Доктор вернулся в дом, взял саквояж и накинул плащ. О, хладное лето сорокового!
— Я в крепость, надолго! — крикнул в комнаты.
И шагнул за порог.
— Для чего ему режут язык? — уже в карете спросил доктор у Сумасвода. — Что за идиотическая новация? И почему в крепости, перед казнью, а не на эшафоте?
Сумасвод оглянулся в окошко, на кучерскую спину, и ответил, понизив голос:
— Он смелым оказался чересчур, главный фигурант. На допросе заявил, и при всех, при папе и при писарях, что не побоится на эшафоте обвинить, — голос стих до шипения, — дюка нашего, и во всех его грехах.

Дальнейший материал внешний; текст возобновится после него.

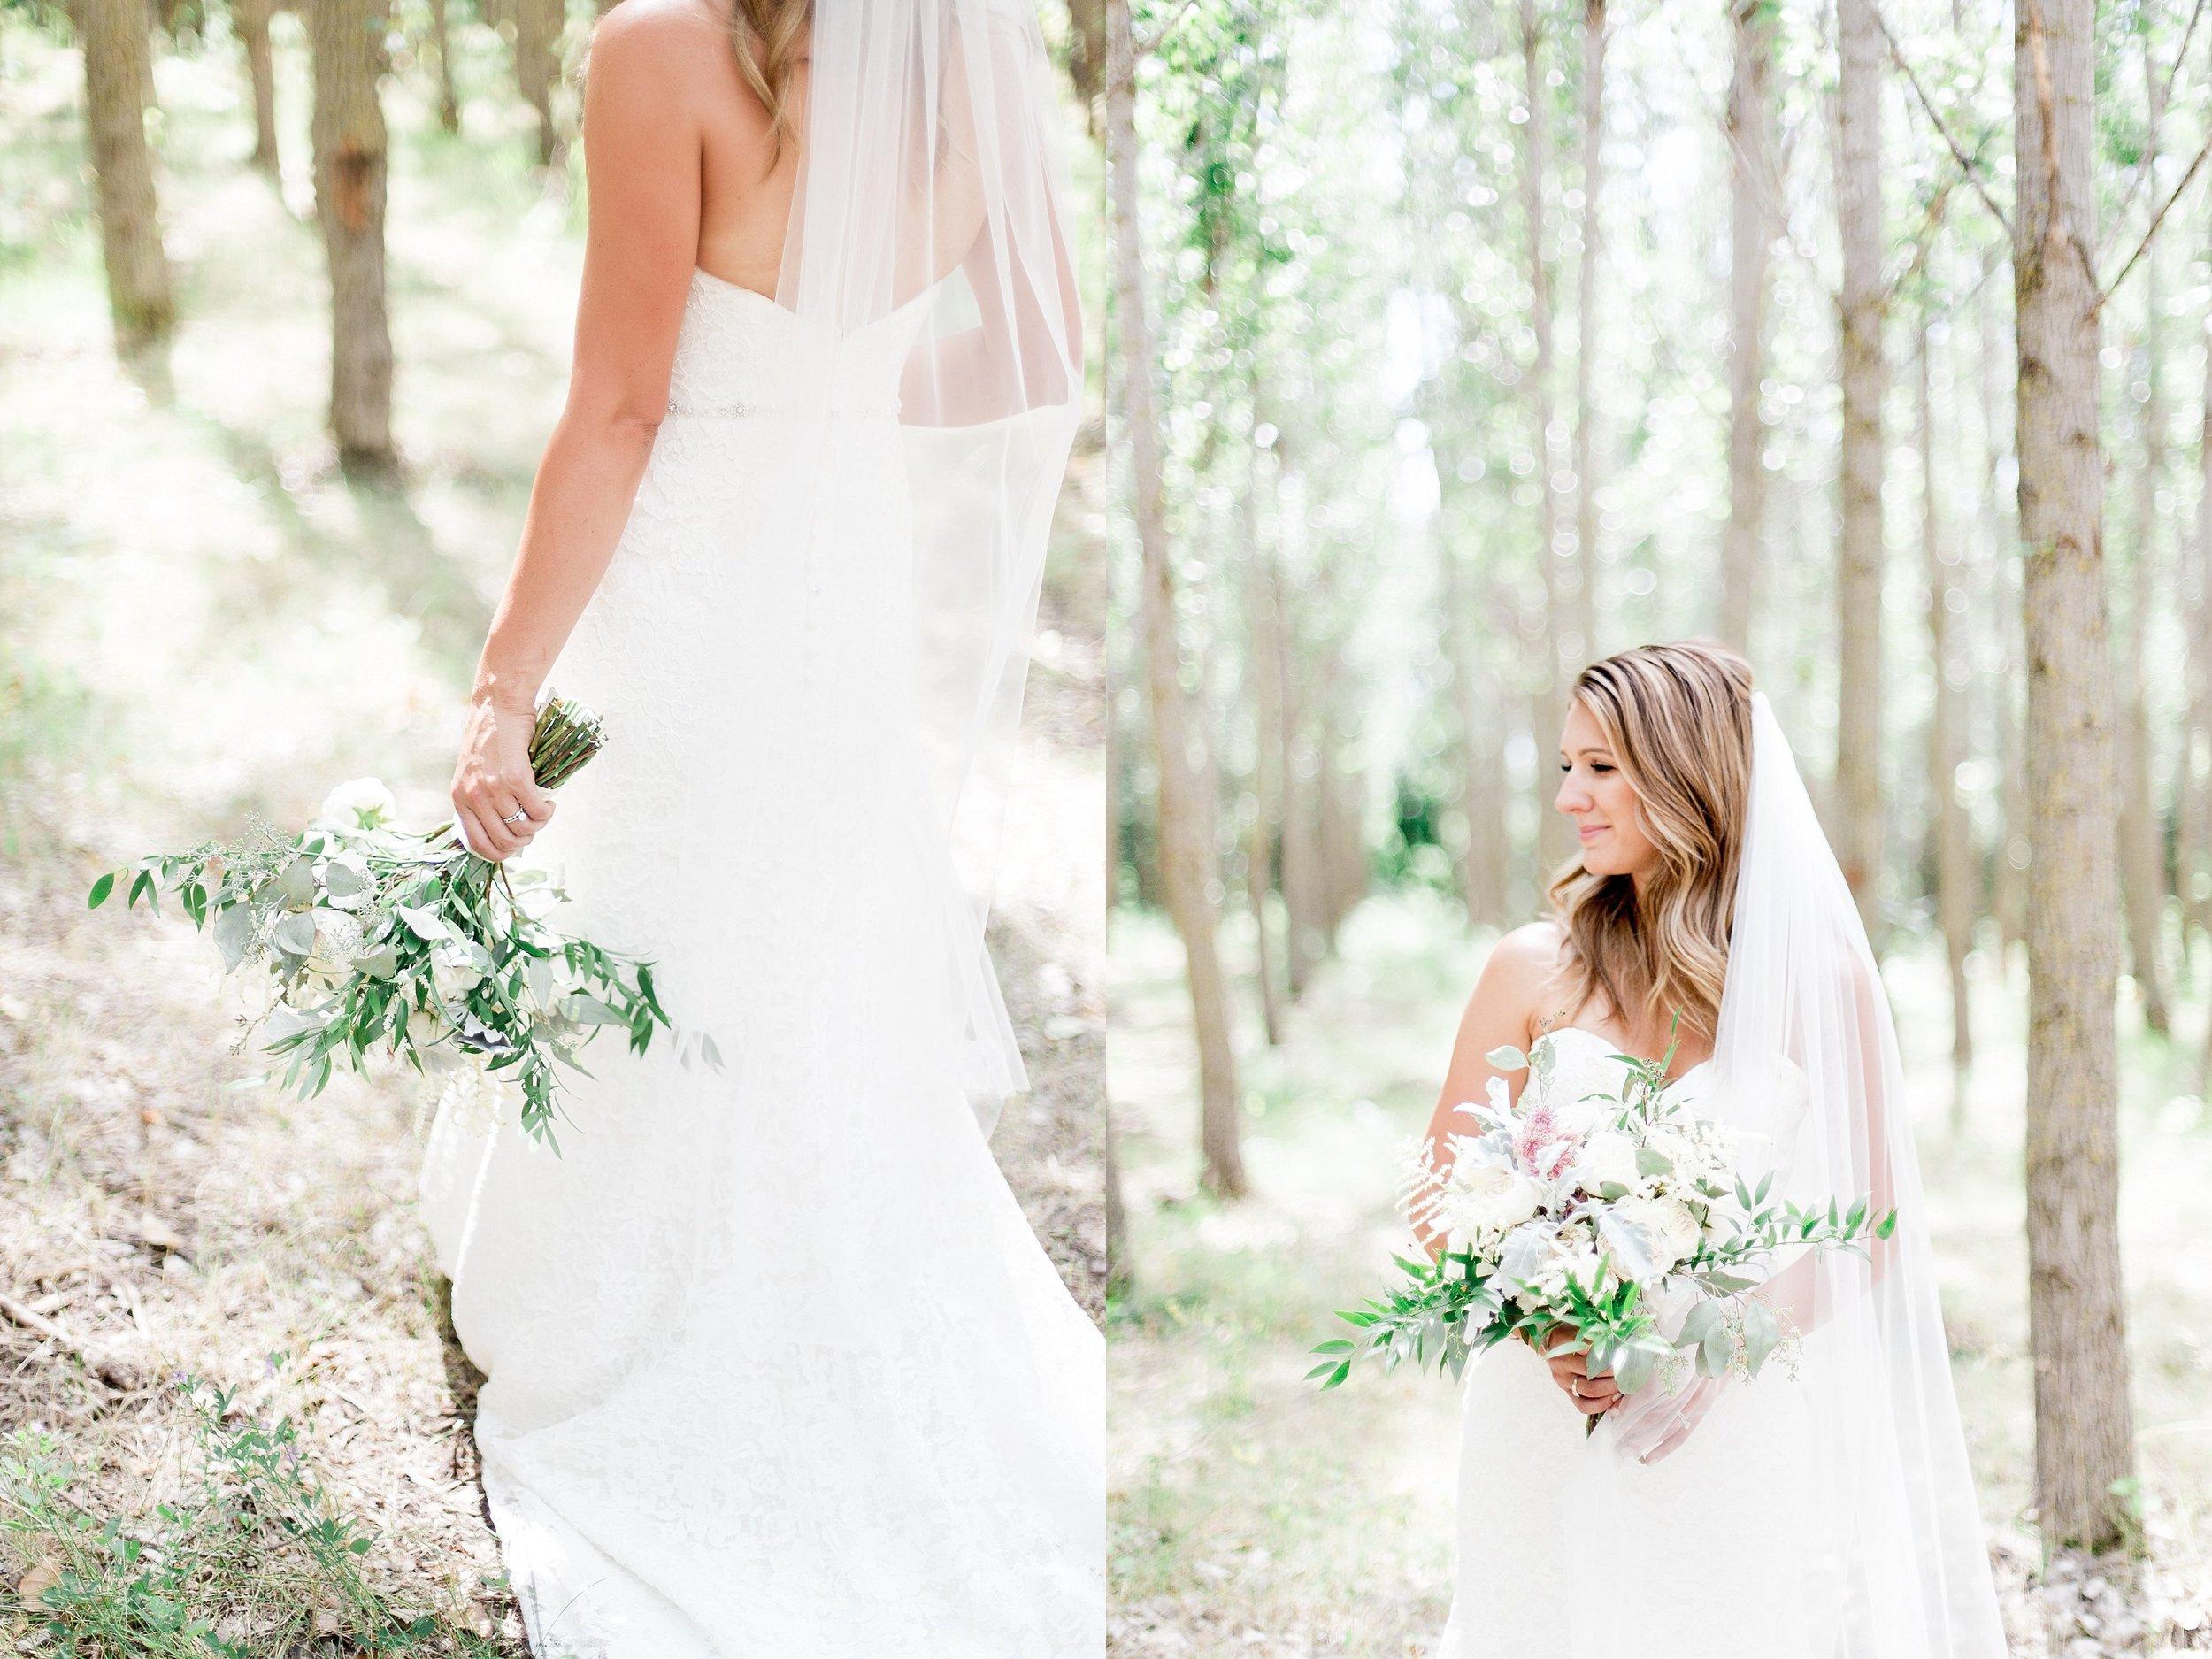 Winnipeg Wedding Photographer Keila Marie Photography   Bridal portraits   Garden inspired wedding
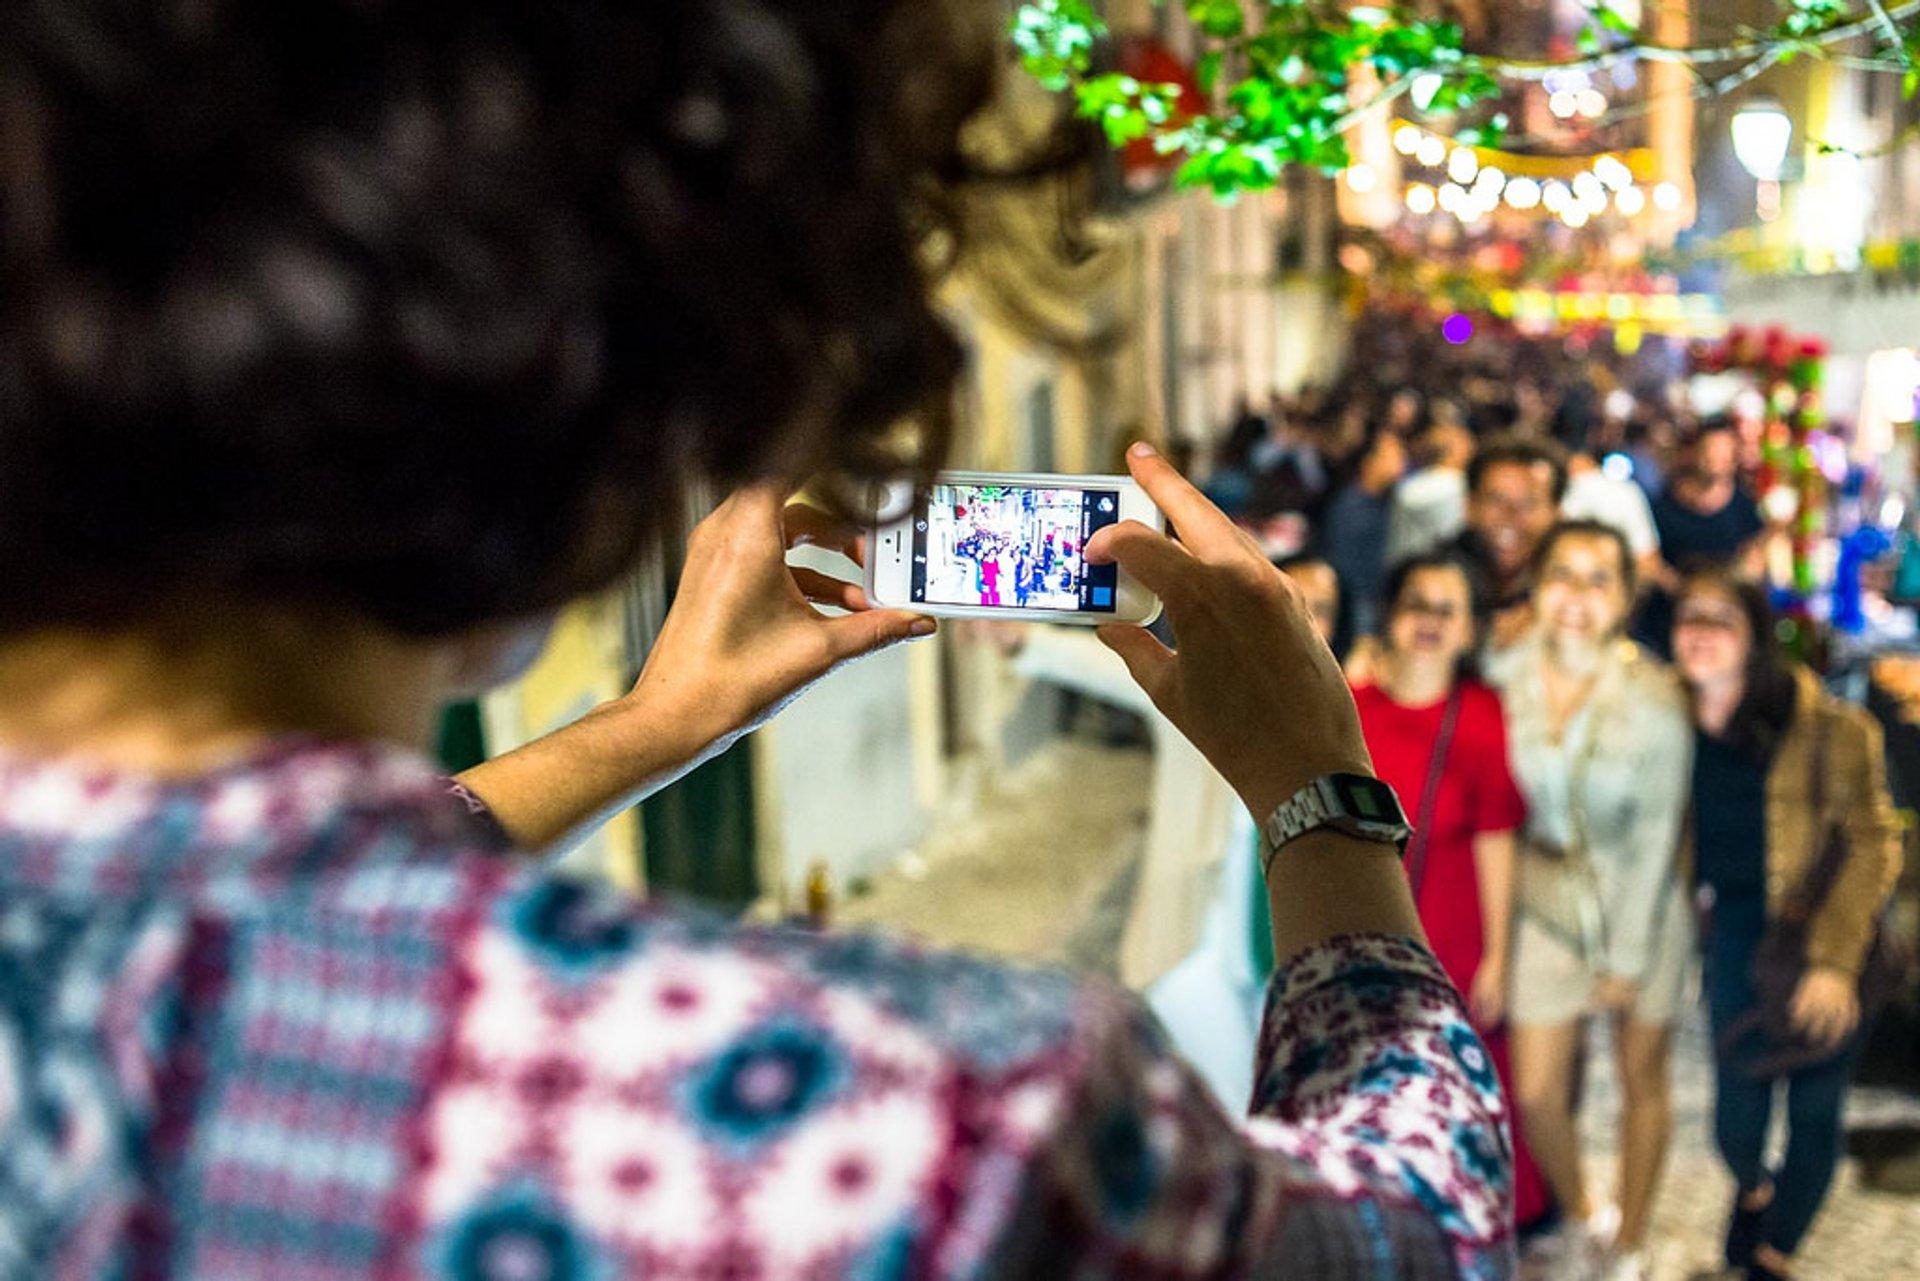 Festas de Lisboa (Festas dos Santos Populares) in Lisbon 2020 - Best Time

— В каких же? — уточнил тут же доктор.
— Если б сказал, язык бы ему не секли, отравили по-тихому в камере. Нет, князь интригу не раскрывает, только одно слово говорит — Балтазар. А что это, кто это? Папа нуар и так и сяк к нему, и кнутом, и с посулами — не-е. Не говорит князь. На эшафоте — обещает — скажу. Вот герцог и повелел, отдельным приговором, язык ему перед эшафотом иссечь.
Карета переезжала мост, и доктор привычно глянул туда, где прежде стоял ледяной дом — но, конечно, там давно ничего не было. Просто чёрная, пустая, гладкая вода.
— Герцога можно понять, — сказал Ван Геделе. — Он непрочно сидит в своём седле. Толкнут — повалится. Вот всё его и пугает. И обещание смертника, и слухи, и сплетни.
— Убийца, — одними губами сказал Сумасвод, но доктор прочёл, — дело его пропащее. Но всё равно убивает, — и прибавил чуть громче: — Третьего дня призрак видели в тронной зале.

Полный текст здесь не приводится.